**Problem to work on:**
Repeat every line of the data exactly; no picture belongs in the copy.

**Recorded information:**
-- Opening Marker --

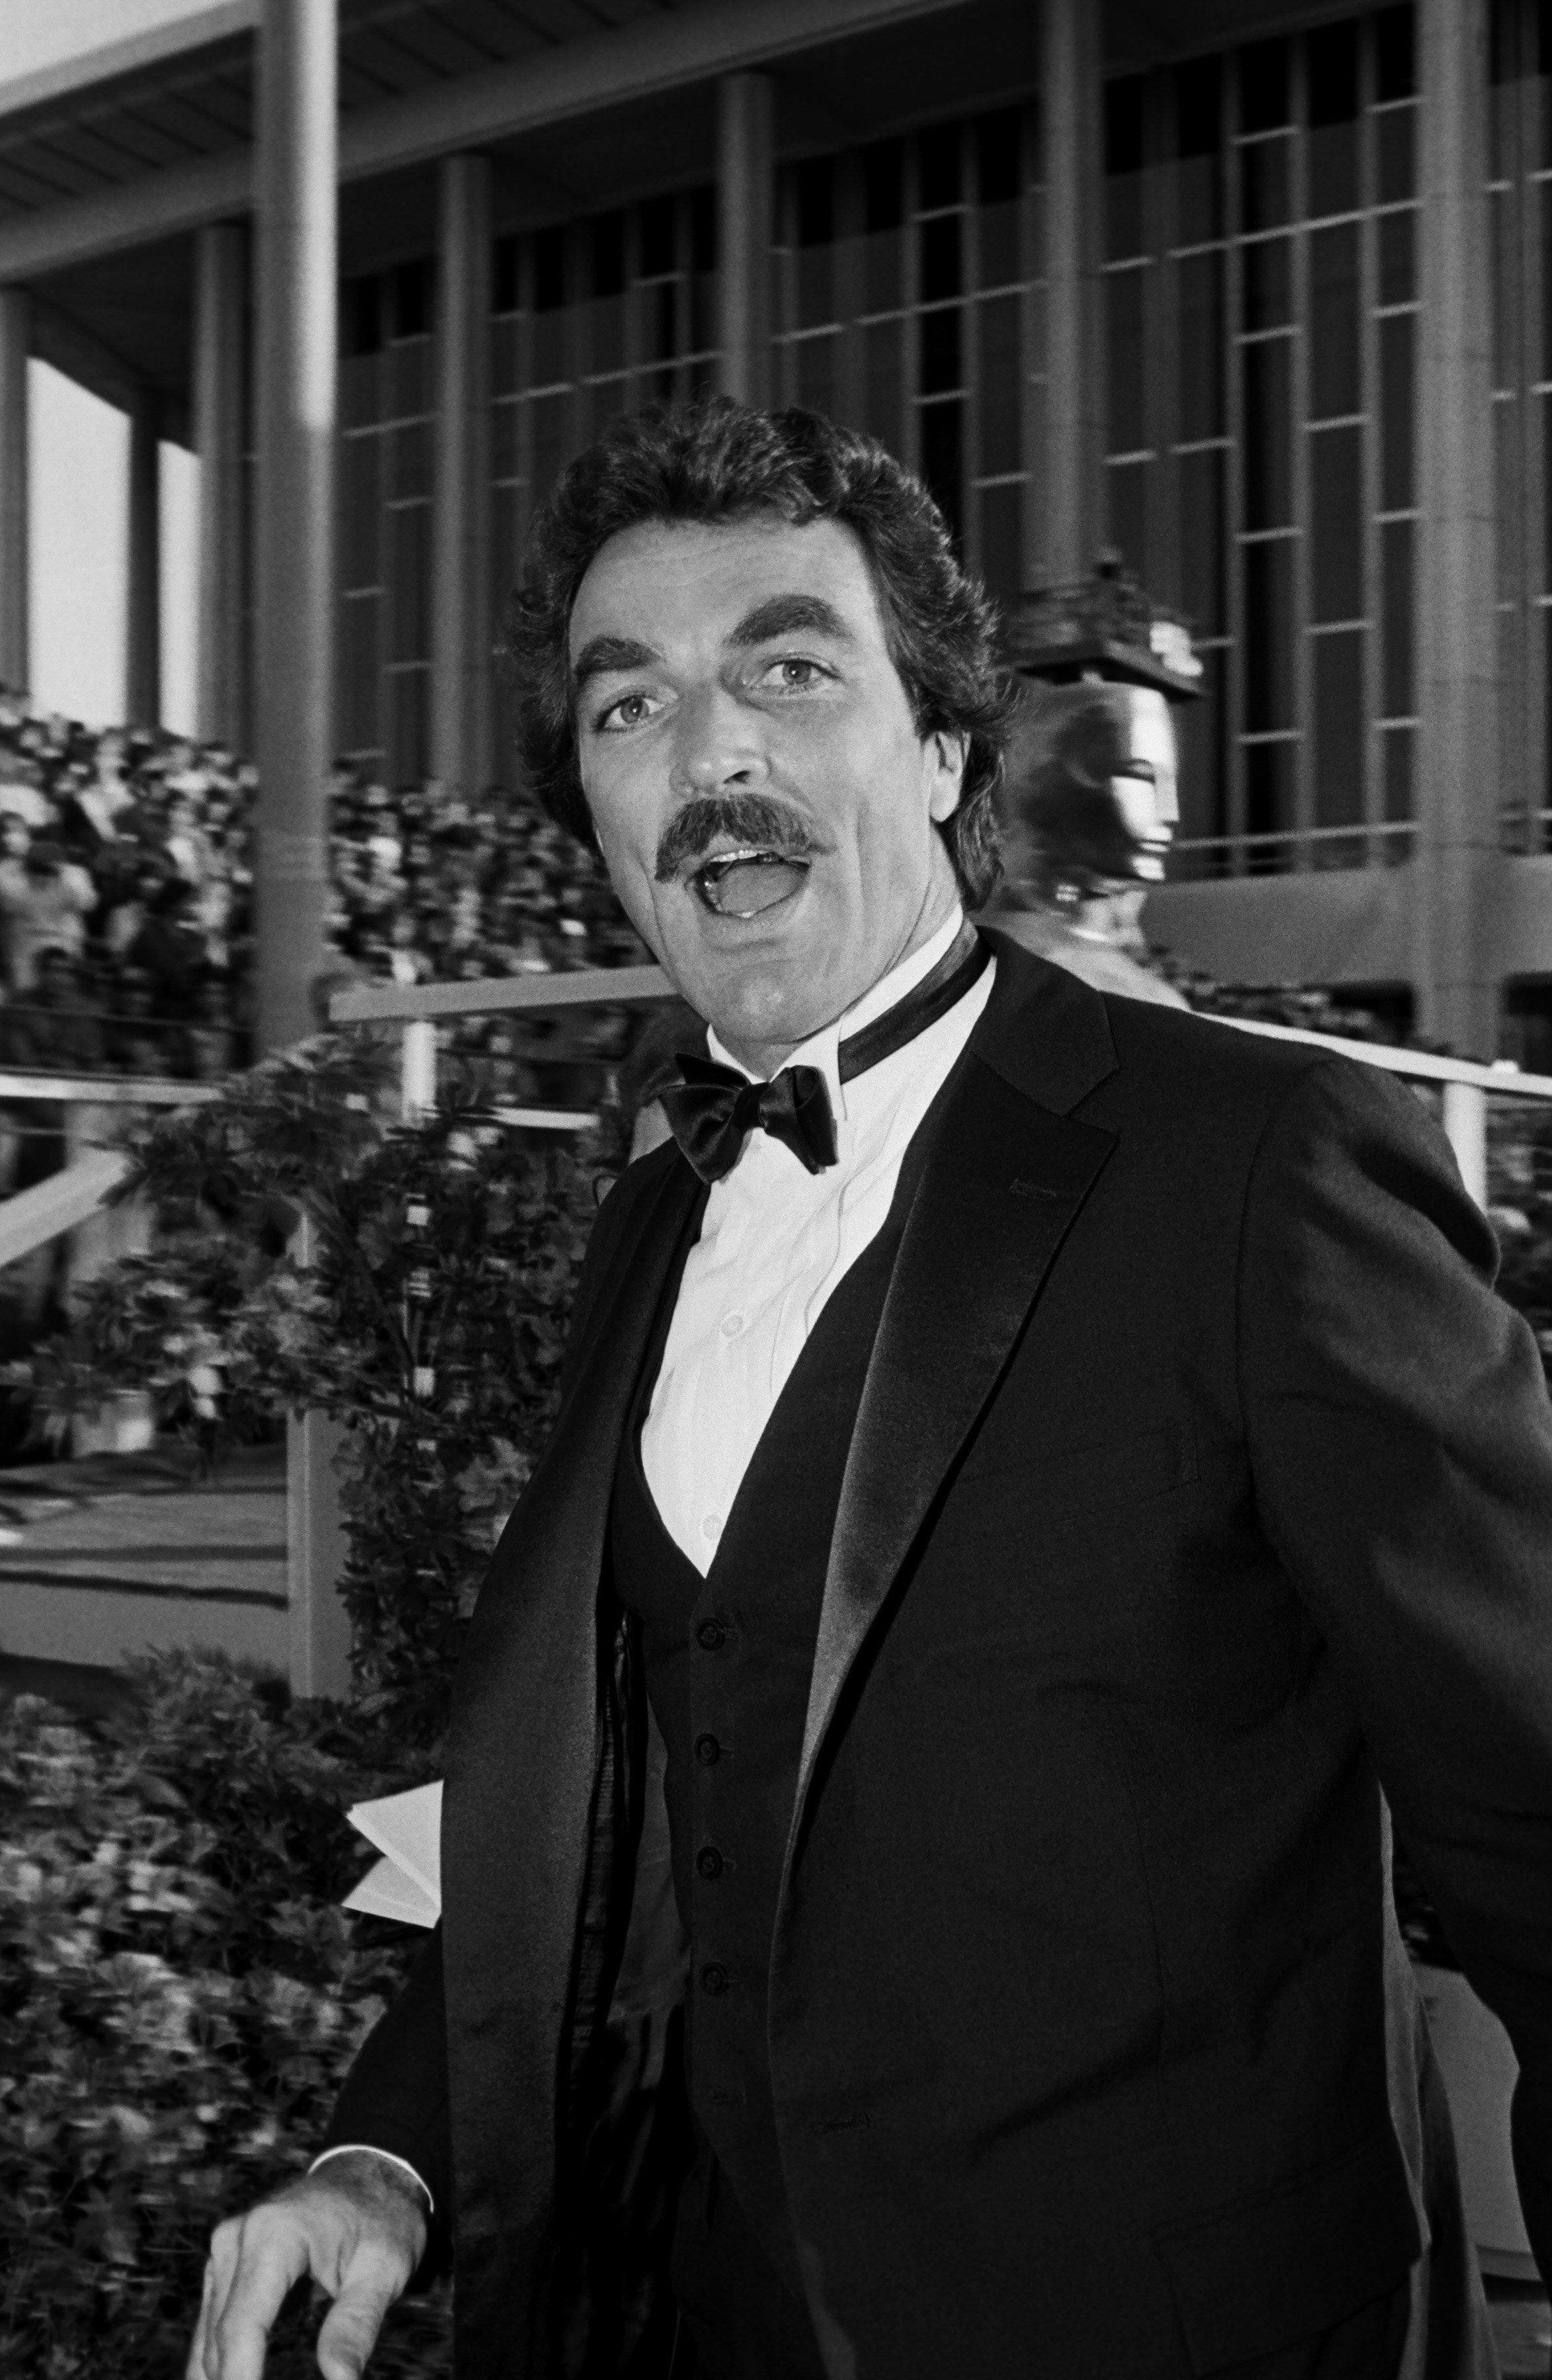 Emmy Award-winning actor, Tom Selleck,on the red carpet during the 1983 Academy Awards | Source: Getty Images
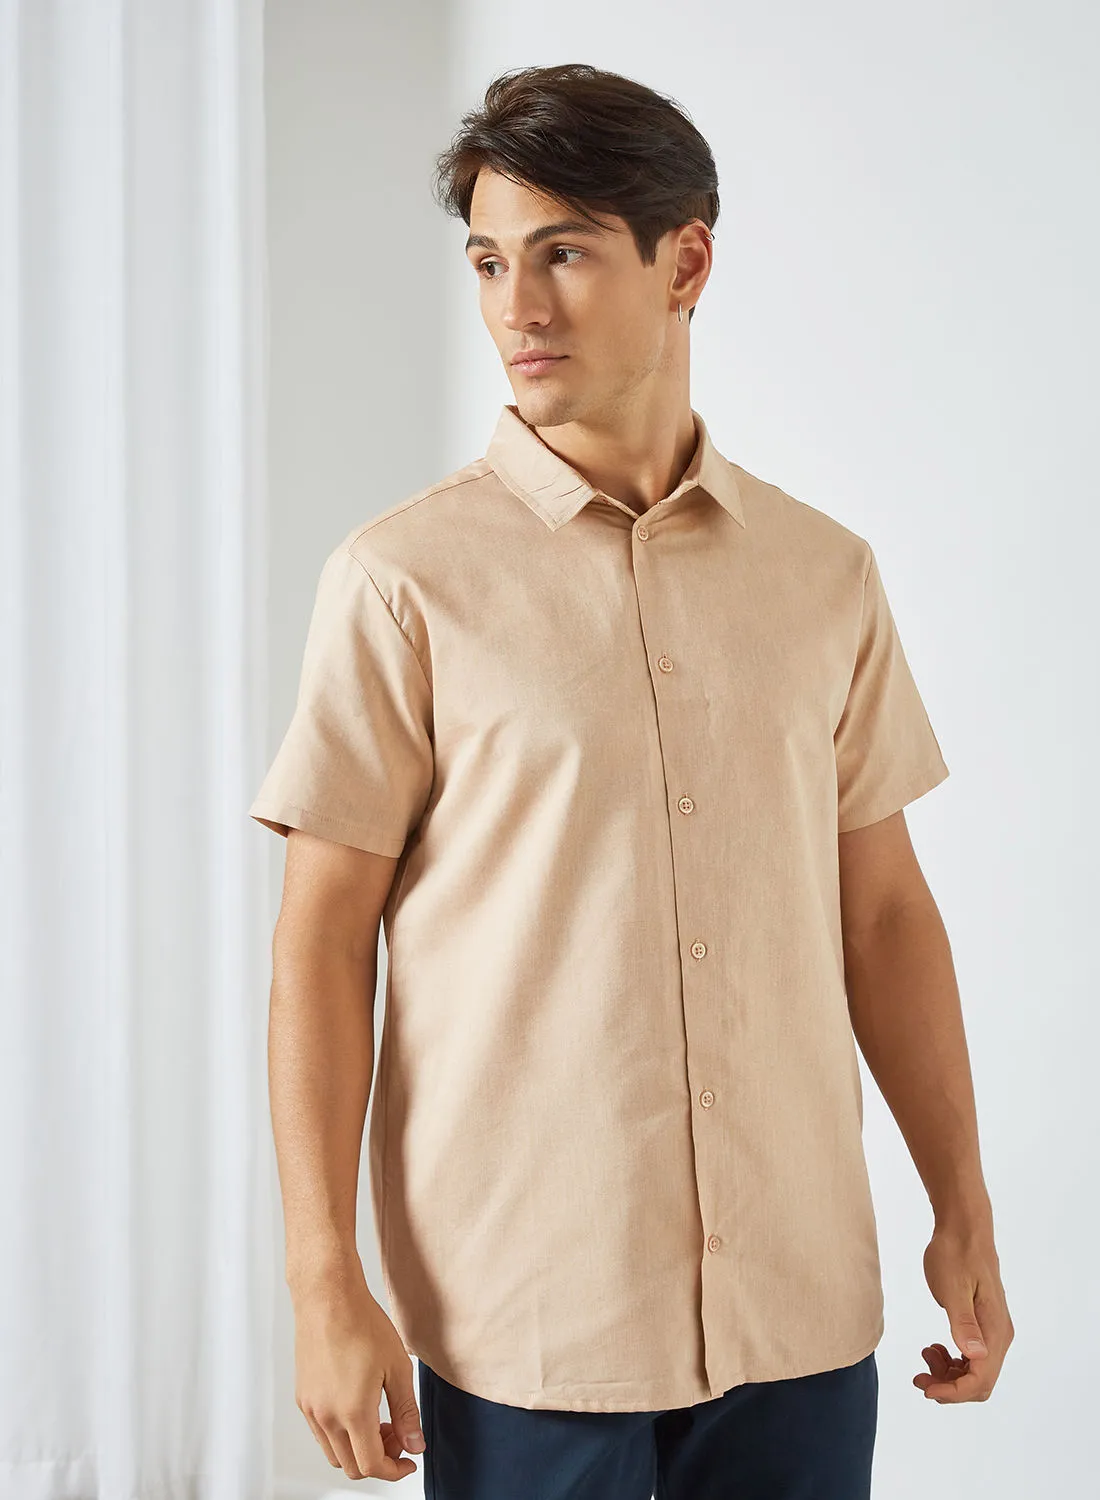 STATE 8 Oxford Chambray Short Sleeve Shirt Beige
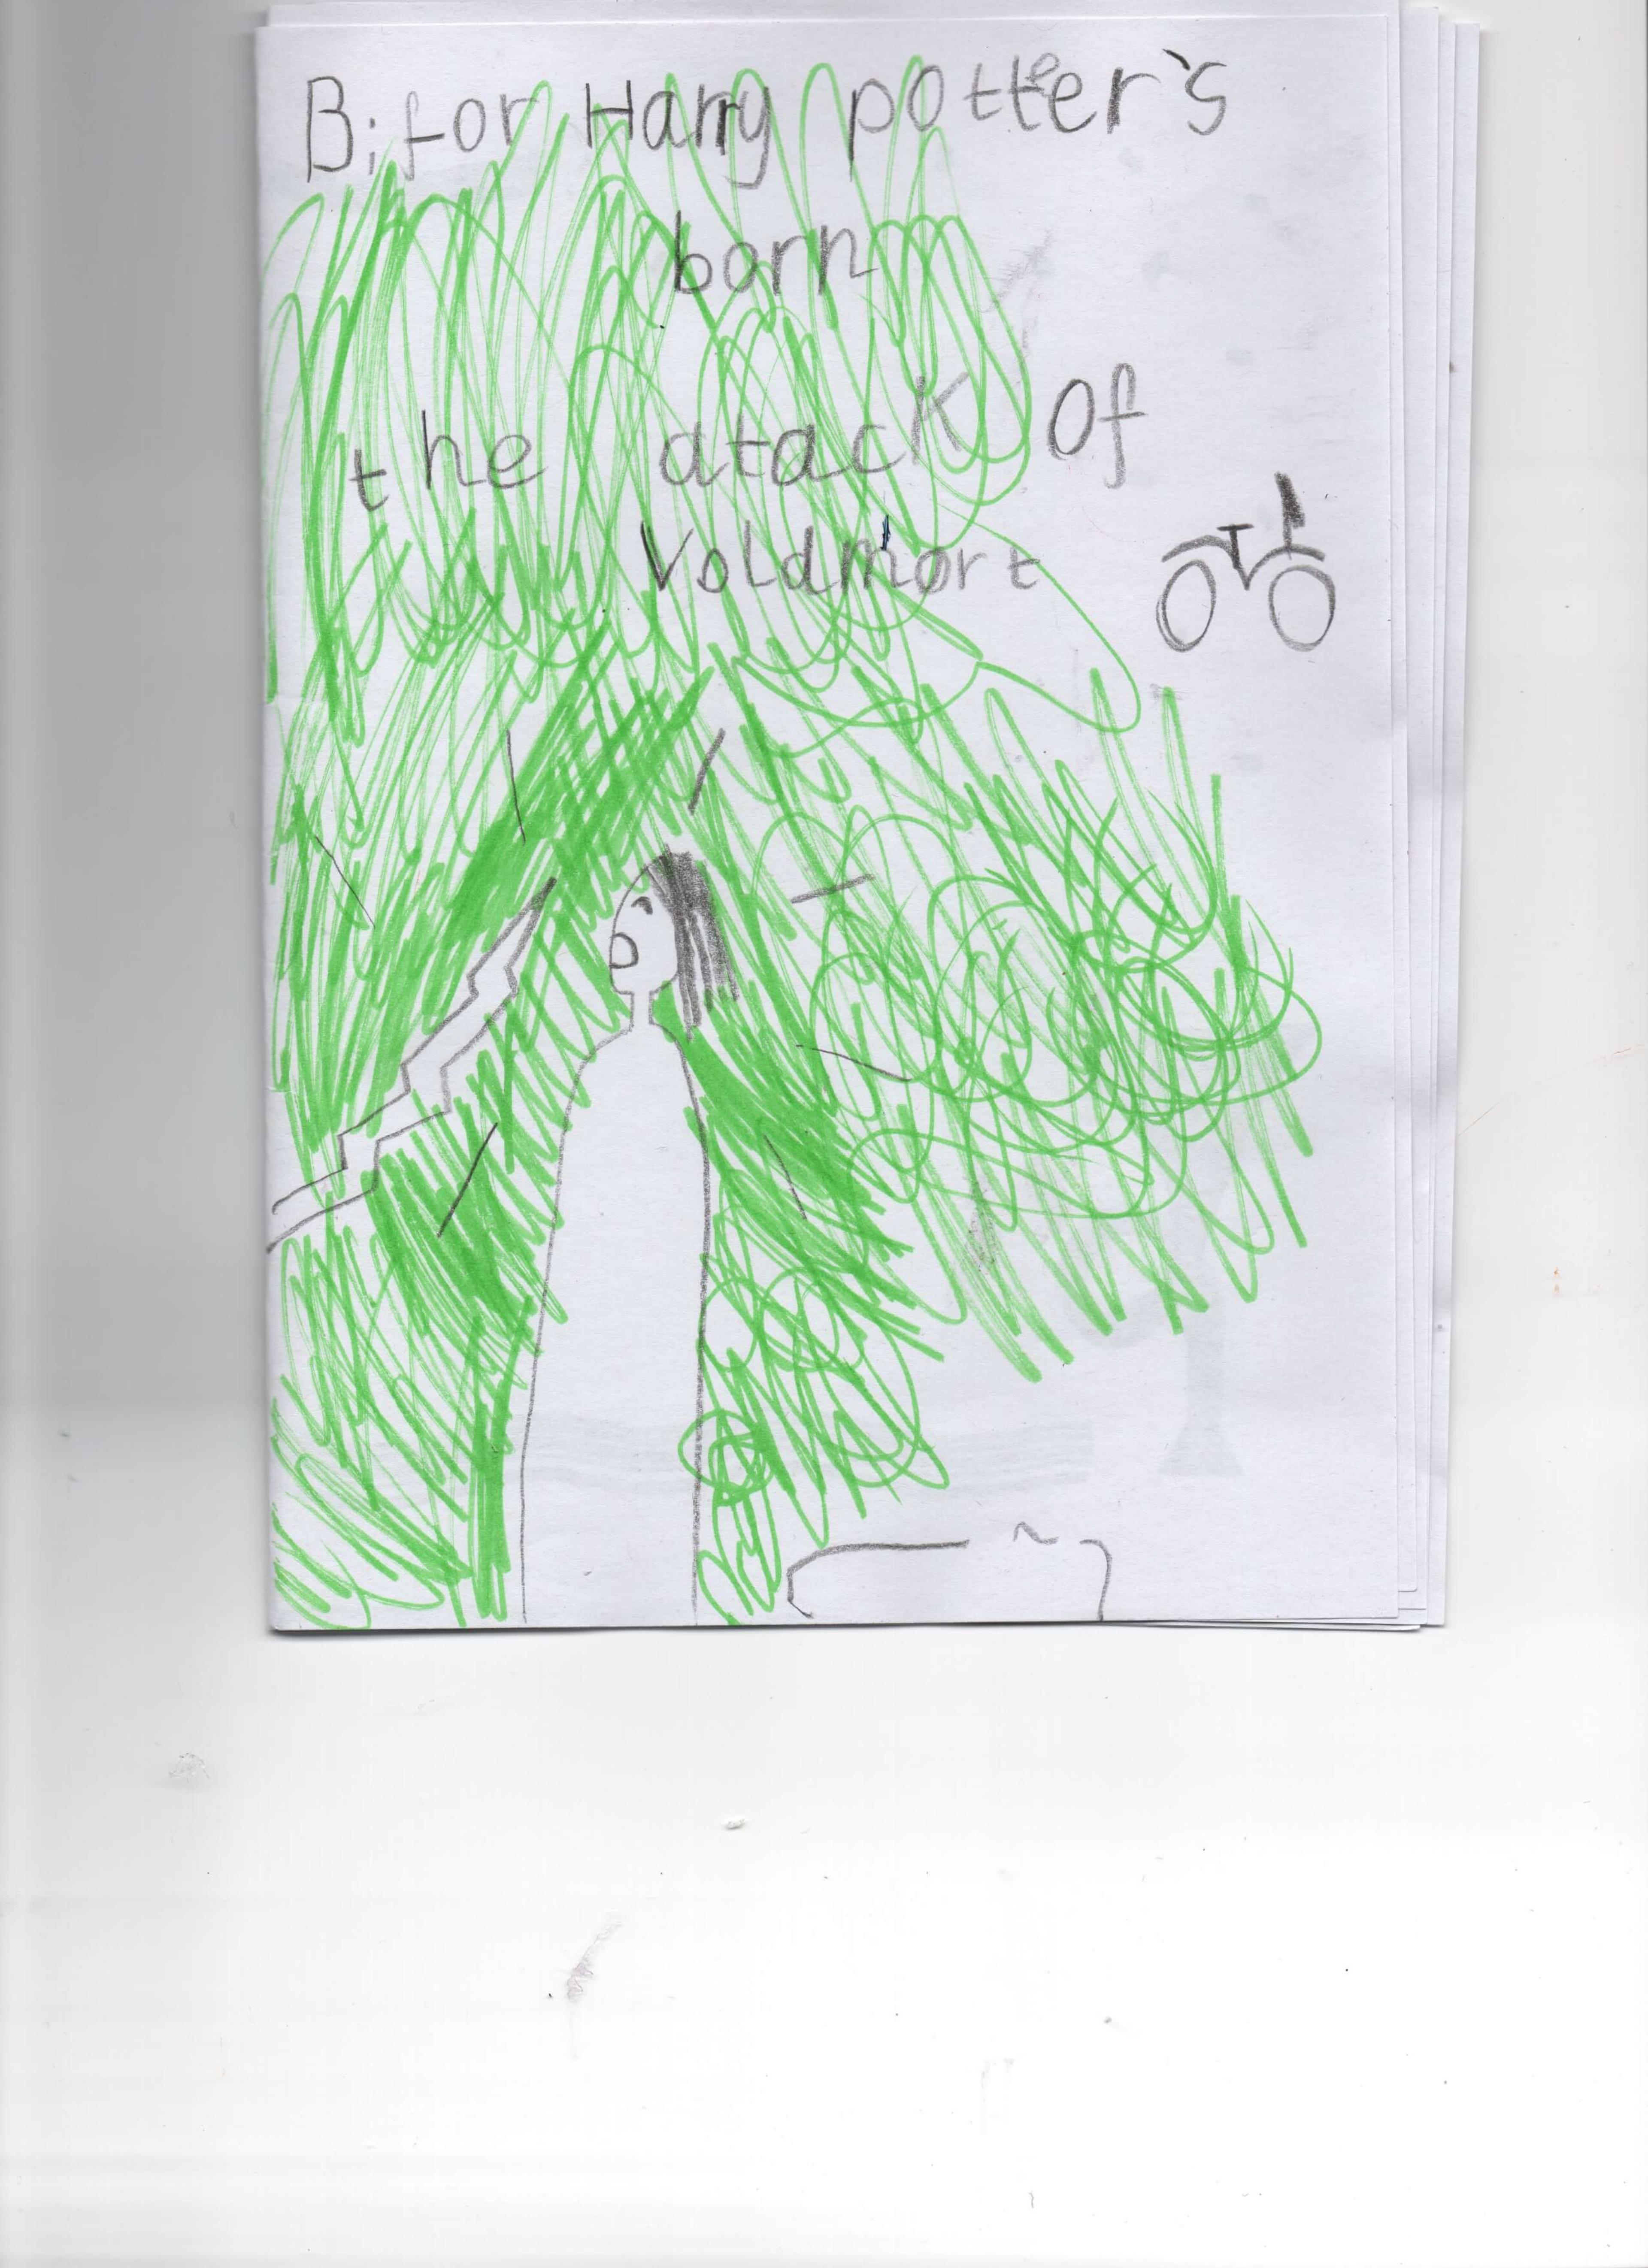 A mock book with the words "Bifore Harry Potter's born the attack of Voldemort" written in pencil. The picture includes a pencil drawing of Lily Potter, seen from the side, surrounded by bright green.

-- Closing Marker --

**Written answer:**
 Emmy Award-winning actor, Tom Selleck,on the red carpet during the 1983 Academy Awards | Source: Getty Images
 STATE 8 Oxford Chambray Short Sleeve Shirt Beige
 A mock book with the words "Bifore Harry Potter's born the attack of Voldemort" written in pencil. The picture includes a pencil drawing of Lily Potter, seen from the side, surrounded by bright green.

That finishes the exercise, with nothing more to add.